Here we will look at a few metrics, but most importantly expected wOBA (weighted on base average), as they vary by hit speed. First, let's break hit speed into five evenly spaced bins and see how a few variables look when broken down by exit velocity.
In [8]:
data2.groupby(pd.cut(data2.launch_speed, 6)).mean()
Out[8]:
There are definitely some patterns there. To take a closer look at the metric of interest, let's use a few more bins and graph the expected weighted on base average value of a hit against its exit velocity. This should give a rough answer as to whether it's always better to hit the ball harder.
In [9]:
groups = data2.groupby(pd.cut(data2.launch_speed, 30))

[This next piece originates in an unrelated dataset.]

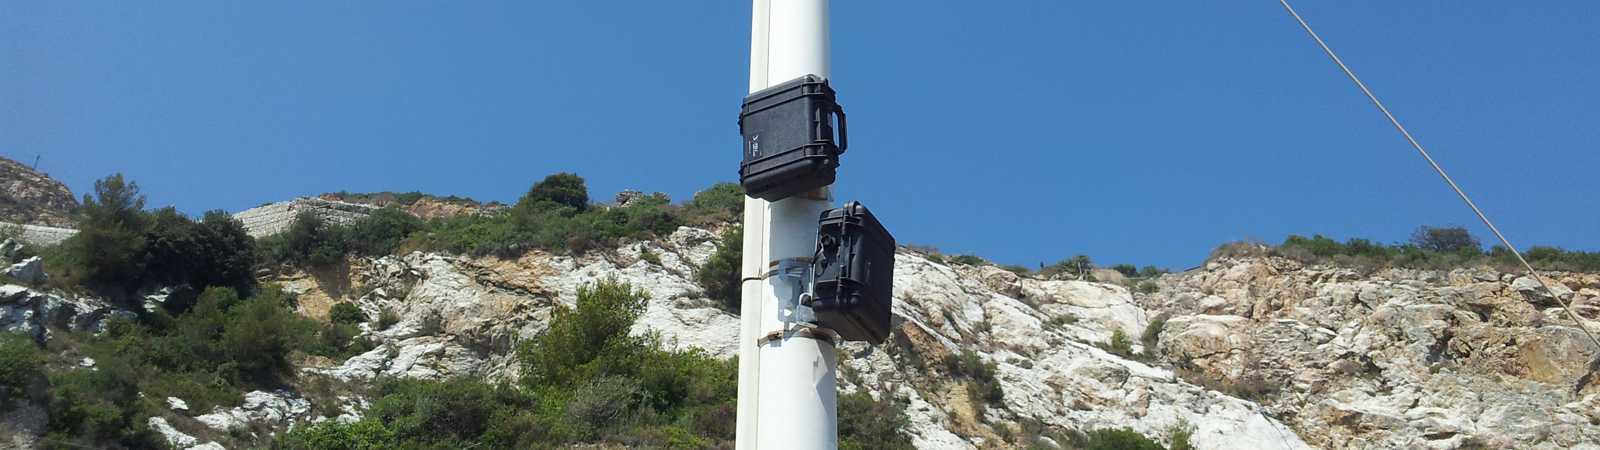 monitoraggio e rilievo del traffico stradale e delle velocità istantanee con radar a micro-onde ad effetto doppler, a carattere temporaneo e permanente
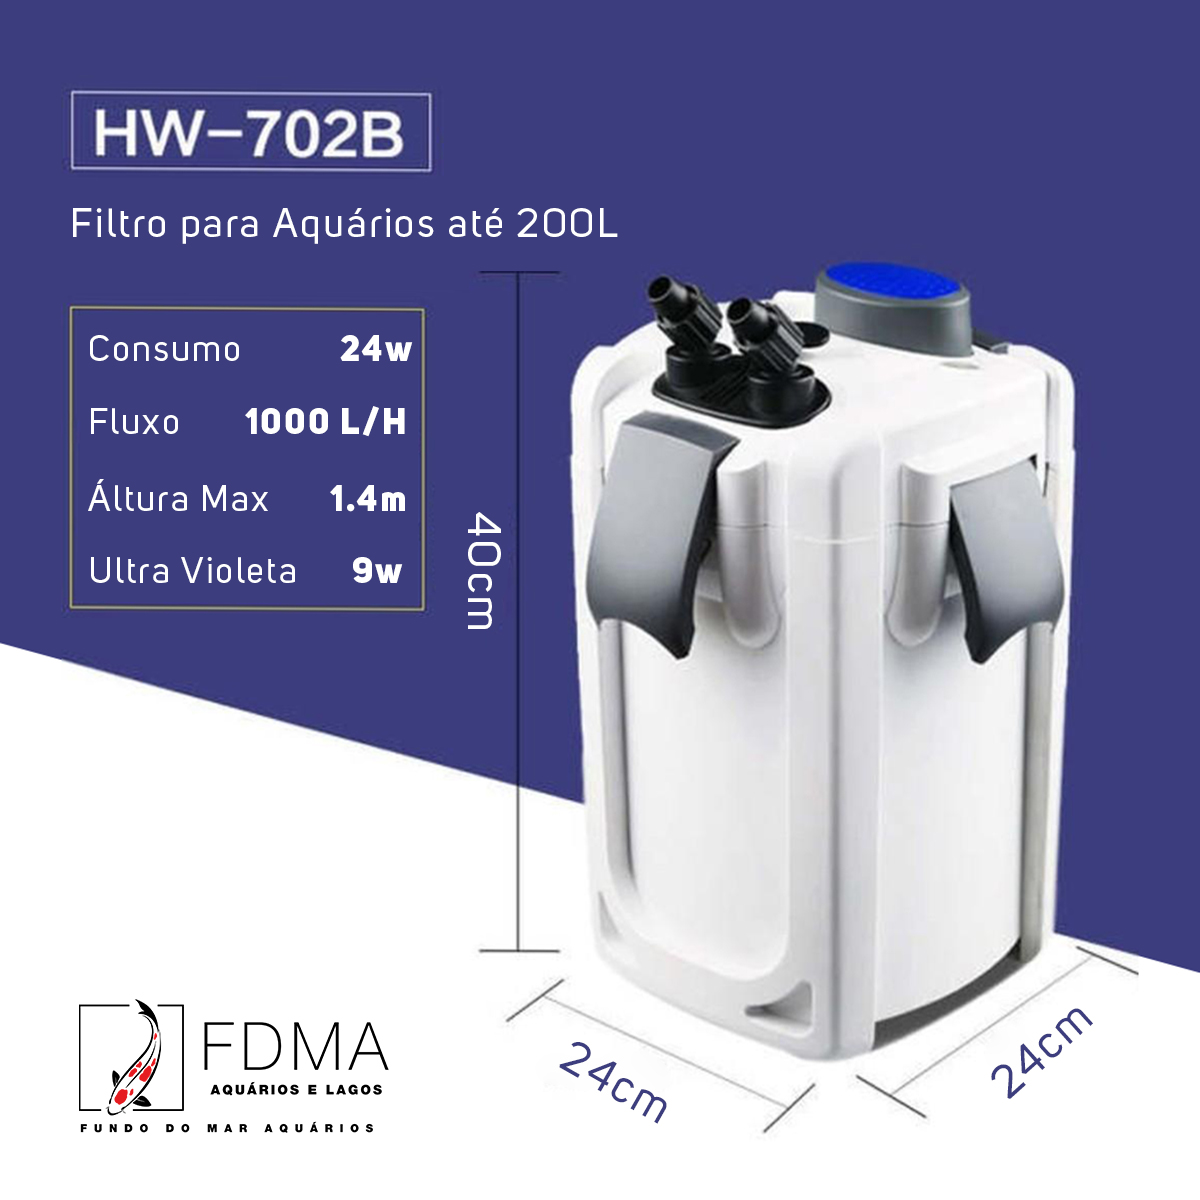 SunSun Filtro Canister Hw-702b 1000l/h Uv 9w até 200L Brinde

ax = groups['estimated_woba_using_speedangle'].mean().plot()
ax.set_xlabel('Launch Speed', fontsize=14)
ax.set_ylabel('Expected wOBA Value', fontsize=14);
So, while it's usually better to hit the ball harder, there is a slight downward "dip" in the graph. This most likely represents the fly ball zone, where the ball has been hit hard enogh to get past the infield and gain some air, but not hard enough to make it past the fences.
In general, however, this confirms the trend we would expect. Harder-hit balls tend to give batters more bases.